Weniger Kontrolle der Inhalte: Journalistische Content Creator lassen ihre Beiträge grundsätzlich weniger gegenprüfen als Journalistïnnen in redaktionellen Strukturen. Einzelne haben sogar gar keine externe Kontrollinstanz in ihren Arbeitsprozess integriert. Der Großteil, der seine Beiträge prüfen lässt, lässt sie von fachfremden Personen außerhalb des Journalismus prüfen. Außerdem zielt das Lektorat vor allem auf die Korrektur formaler, statt inhaltlicher Fehler ab. Begründung hierfür könnte sein, dass sich die Creator aufgrund ihrer beruflichen Erfahrungen selbst zutrauen, ein Thema angemessen aufzuarbeiten. Es ist anzunehmen, dass je weniger Beiträge gegengeprüft werden, desto weniger auch Veränderungen vorgenommen werden. Somit bleiben sie dem Ursprung erhalten, was sich positiv auf die Zufriedenheit des Autors auswirken könnte, da ihre Intention des Beitrags nicht verloren gehen kann. Allerdings sind die Auswirkungen eines fehlenden Lektorats insbesondere auf die Qualität der Beiträge ungewiss.

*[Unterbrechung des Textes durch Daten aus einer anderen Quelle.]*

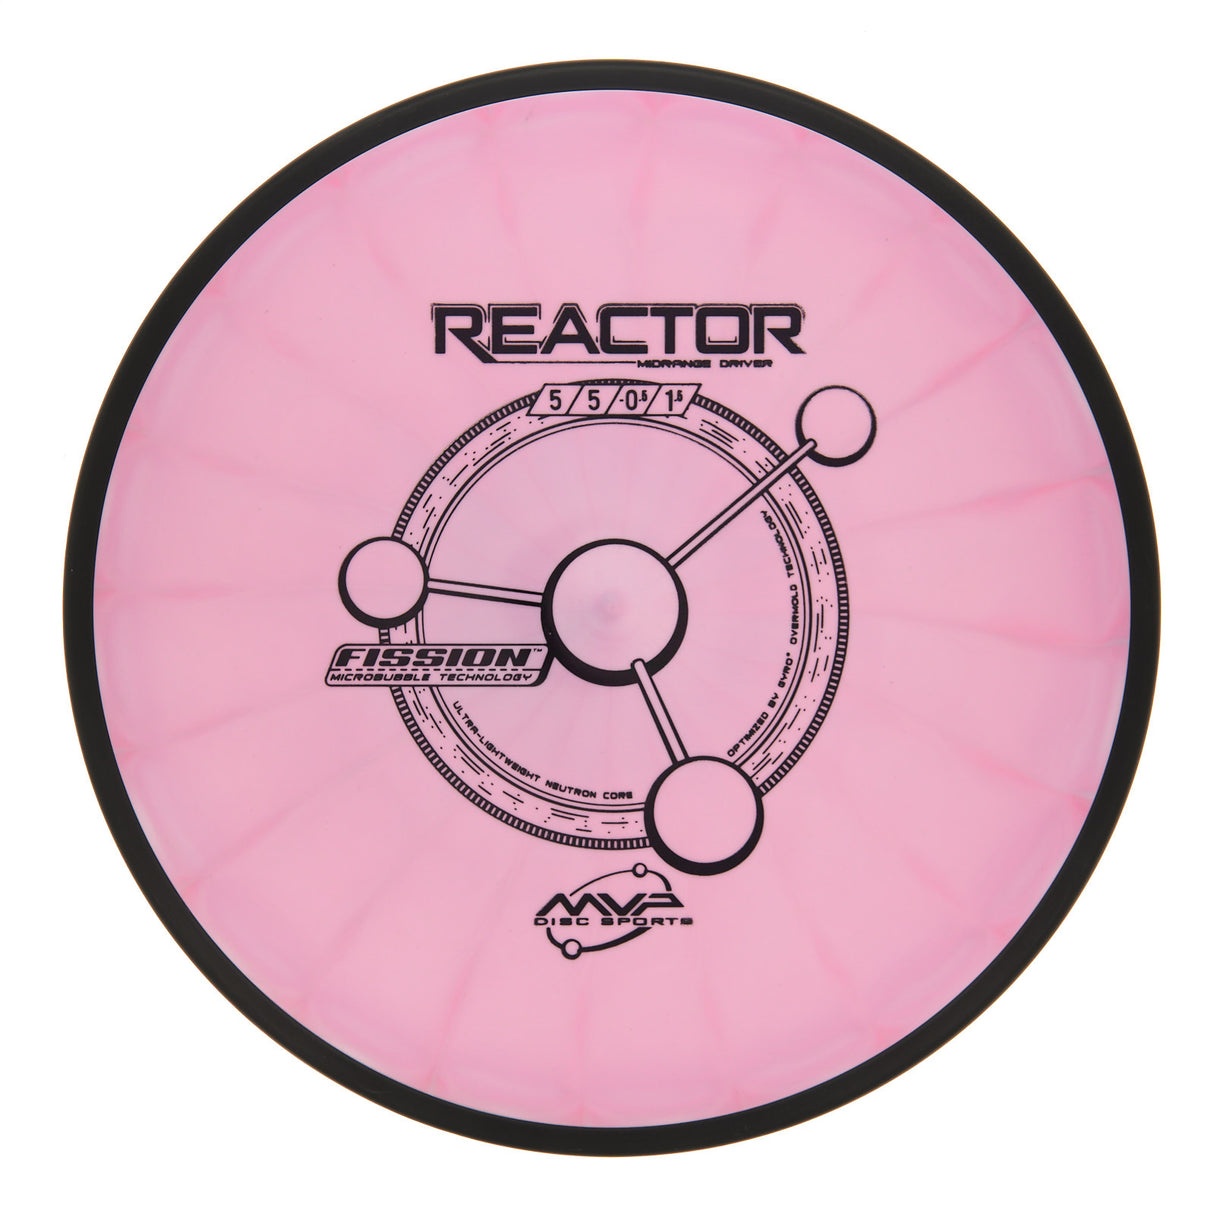 MVP Reactor - Fission 175g | Style 0001

Zentrale Rolle des Publikums: Das Publikum nimmt eine große Rolle im Produktionsprozess der Creator ein. Dabei scheint zwischen den Medienschaffenden der Creator Economy und ihrem Publikum ein engeres Verhältnis zu bestehen als in redaktionellen Strukturen. Während Journalistïnnen in konventionellen Redaktionen in relativer Anonymität arbeiten, sind individuelle Medienschaffende aufgrund ihrer Personenmarke sichtbarer. Doch Analyseverfahren wie Klickzahlanalysen sind für die Optimierung des Angebots noch nicht weit verbreitet. Insgesamt haben Content Creator ein größeres Bestreben, das Publikum am Produktionsprozess zu beteiligen als in redaktionellen Strukturen. Allerdings müssen sie aufgrund ihrer geringeren Reichweite auch mit einer geringeren Resonanz rechnen.

Content Creator sind weitestgehend auf sich allein gestellt: Im Vergleich zur Redaktion gibt es bei der eigenständigen Medienproduktion keine Arbeitsteilung und auch weniger Absprachen, da sie den gesamten Produktionsprozess hauptsächlich allein stemmen müssen. Außerdem folgen Content Creator im Gegensatz zu Redakteuren, denen eine routinierte Arbeitsweise zugeschrieben wird, keiner festen Struktur. Dadurch sind sie möglicherweise anpassungsfähiger an die Schnelllebigkeit der Medienlandschaft.

Plattformen als Dienstleister: Die Plattformen, über die die Creator ihr Angebot verbreiten, nehmen nur eine geringe Rolle im Arbeitsprozess ein. Sie werden als Dienstleister angesehen, die die Medienschaffenden bei der Umsetzung und Verbreitung ihres Angebots unterstützen. Außerdem sind sie für einige Creator bei der Monetarisierung ihres Angebots nützlich. Etwaige Plattformvorgaben für den Produktionsprozess werden nicht wahrgenommen und auch kategorisch abgelehnt.

Redaktionelle Produktion wird nicht verschwinden: Die eigenständige Medienproduktion wird die redaktionelle Produktion aufgrund der positiven Auswirkungen der Zusammenarbeit nicht ersetzen. Allerdings könnte sich die traditionelle Ordnung ändern. Durch die zunehmende Verlagerung der unternehmenszentrierten Sichtweise zu einer individualisierten Anschauung, sind mehr Zusammenschlüsse einzelner Creator zu erwarten, welche zur Entflechtung der großen Verlagsstrukturen und folglich zu einer Dezentralisierung der journalistischen Aussagenproduktion führen könnte. Zweifellos trägt die Creator Economy zur Fragmentierung der Medienlandschaft bei. Sie bringt thematische Nischen hervor, die zu mehr Vielfalt im Journalismus führen. Außerdem steigen die Partizipationsmöglichkeiten der Nutzer und Nutzerinnen, die eine zunehmende Demokratisierung des Journalismus im Allgemeinen bewirken.